Yesterday, Louisiana Governor Bobby Jindal held a prayer rally at LSU that gives you a perfect glimpse of what his future presidential campaign would look like — and why he’s better suited to run a church than a state.
… We can’t just elect a candidate and fix what ails our country. We can’t just pass a law and fix what ails our country. We need a spiritual revival to fix what ails our country.… We are a united people. We are God’s children. We are precious because we are made in His image. God has created us with a God-shaped void in our hearts and we… frustrate Him by filling it with things and material goods and substances. Now it is time for us on bended knee to turn back to God in humble prayer, to repent and ask for His blessing because He is a faithful God. He desires our prayers. I believe in the power of prayer and I pray that we will see a spark lighted here. We will see fifty responses in every state in these United States and we will see a spiritual revival ignite across these United States of America.
That God sure is needy…
But back to those initial comments — why the hell is Jindal a governor, and setting the stage to run for President, if he doesn’t think laws and candidates can help fix a nation? If prayers have that much of an effect, he should step down from office and run a ministry.

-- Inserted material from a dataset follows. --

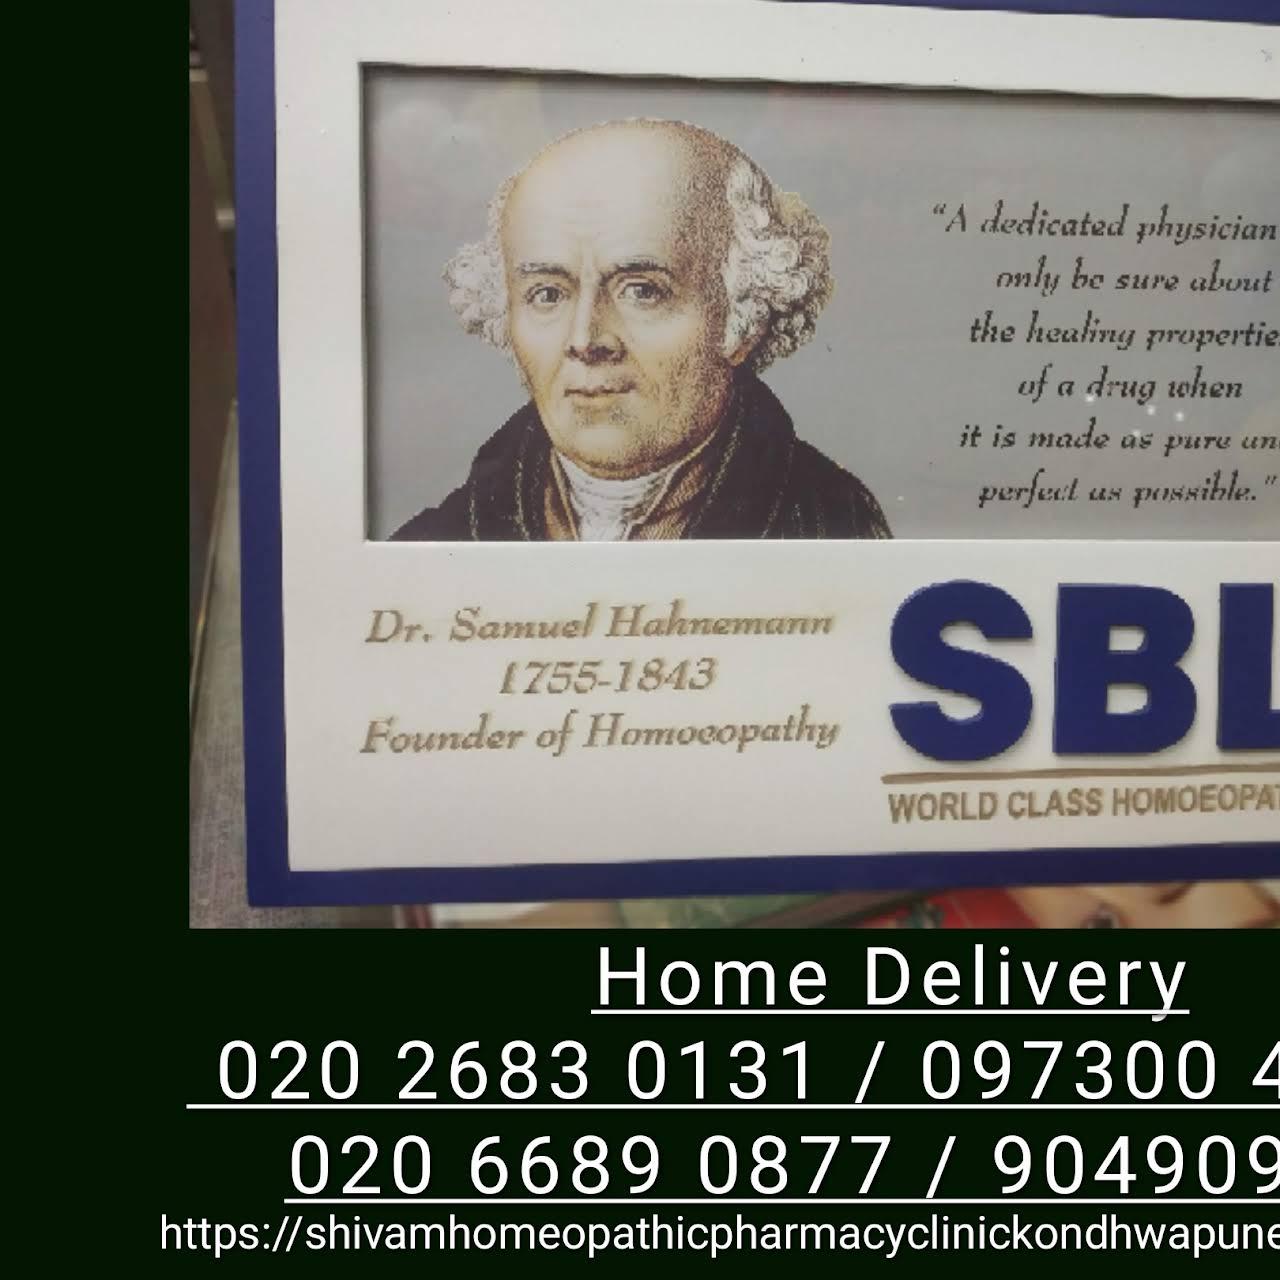 Shivam Homeopathic Pharmacy | Homeopathy Doctor in Pune

Anyway, a politician invoking God in a political rally is nothing new. What made this event particularly noteworthy was the partnership with the AFA (a group that is notoriously anti-gay rights) and the list of other cringe-worthy speakers, as Rachel Maddow noted:
At least there were student activists protesting his appearance:
LSU Student Sabrina Valenti believes that “it just seems unjust for people to hide behind their god and their religion as an excuse to hate their brothers and sisters whose sexuality is just different from their own.”

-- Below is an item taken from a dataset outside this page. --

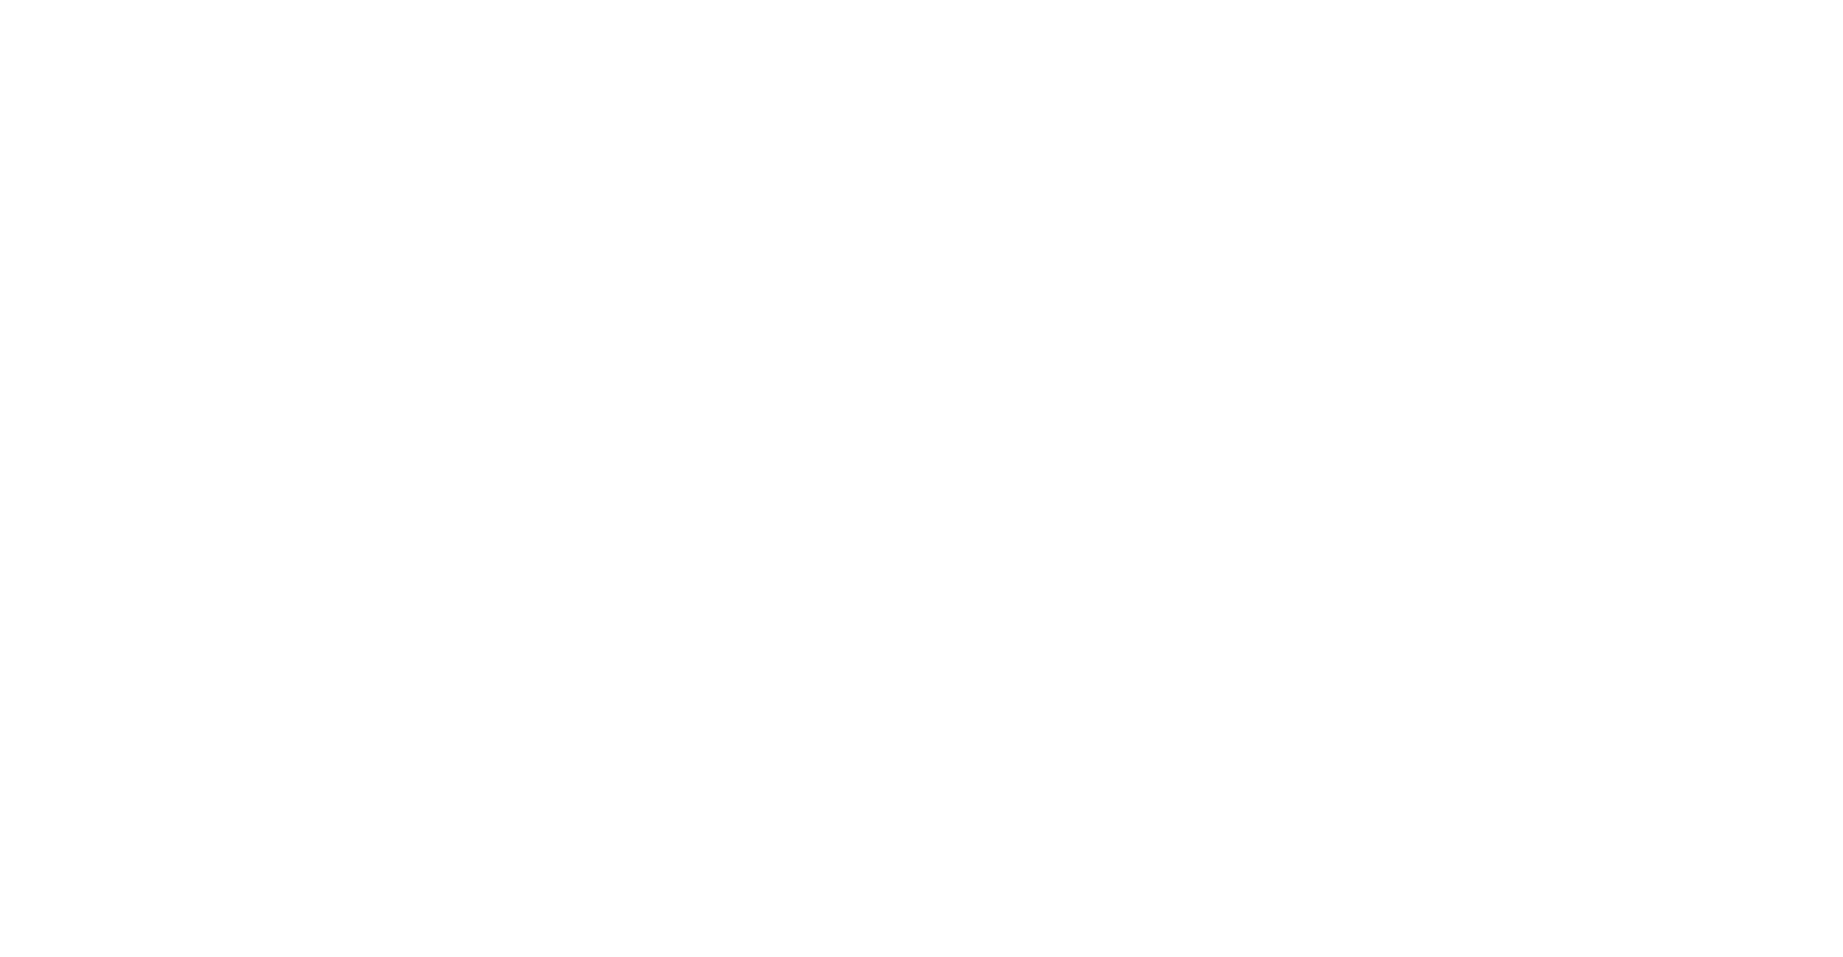 Malanico
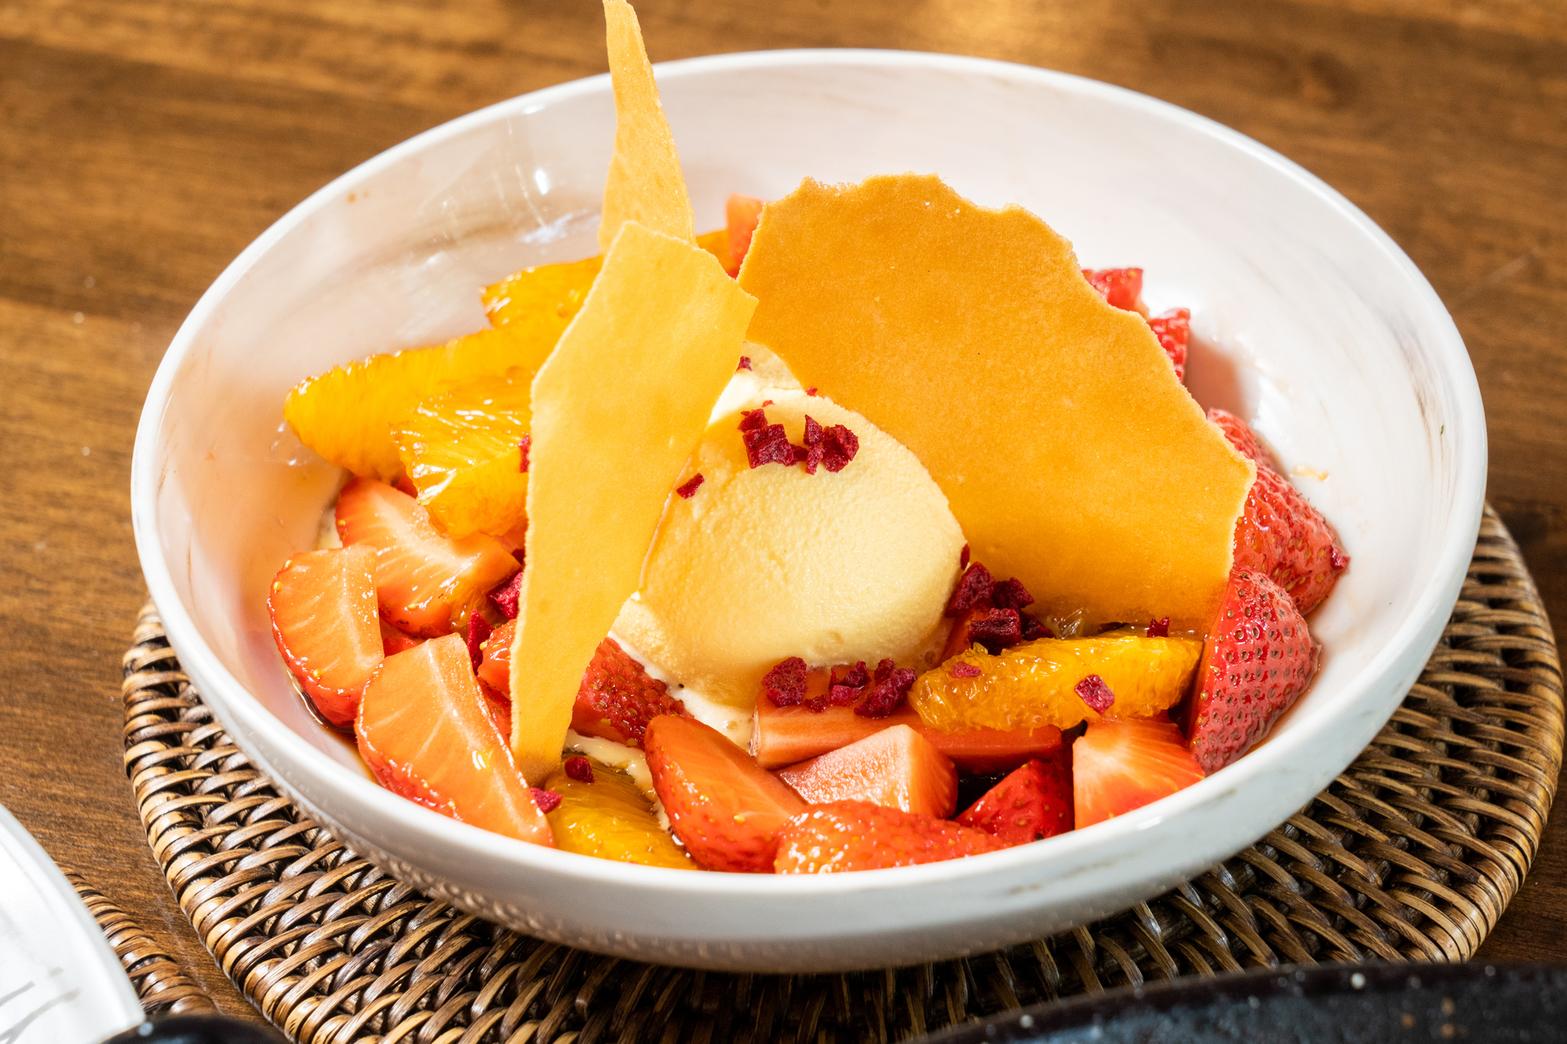 Dessert from Arroz Spanish Rice House at 112 Sukhumvit 53 Klongtan-Nua Wattana, Bangkok

Hundreds of students, teachers, and community members gathered today to stand up for their beliefs.
“To actually call attention to the record of words of the AFA and also the hypocrisy of a governor who has cut hundreds of millions of dollars from state higher education and is holding an event like this on a university campus both projecting the kind of hateful rhetoric they project but also to, as I think we all know, launch a presidential campaign” says Bryan McCann, an LSU communication professor.
Since conservatives will call this an attack on their religious freedom, let’s make this clear: Jindal’s Christianity isn’t the problem here. It’s that he wants to impose his religious beliefs on everyone else. At best, his event was just pandering to a base that already gets pandered to every damn day. At worst, we have an elected official who admits he’s pretty useless in that position because God will just take care of everything… if only those damned liberals who respect the First Amendment would just get out of the way.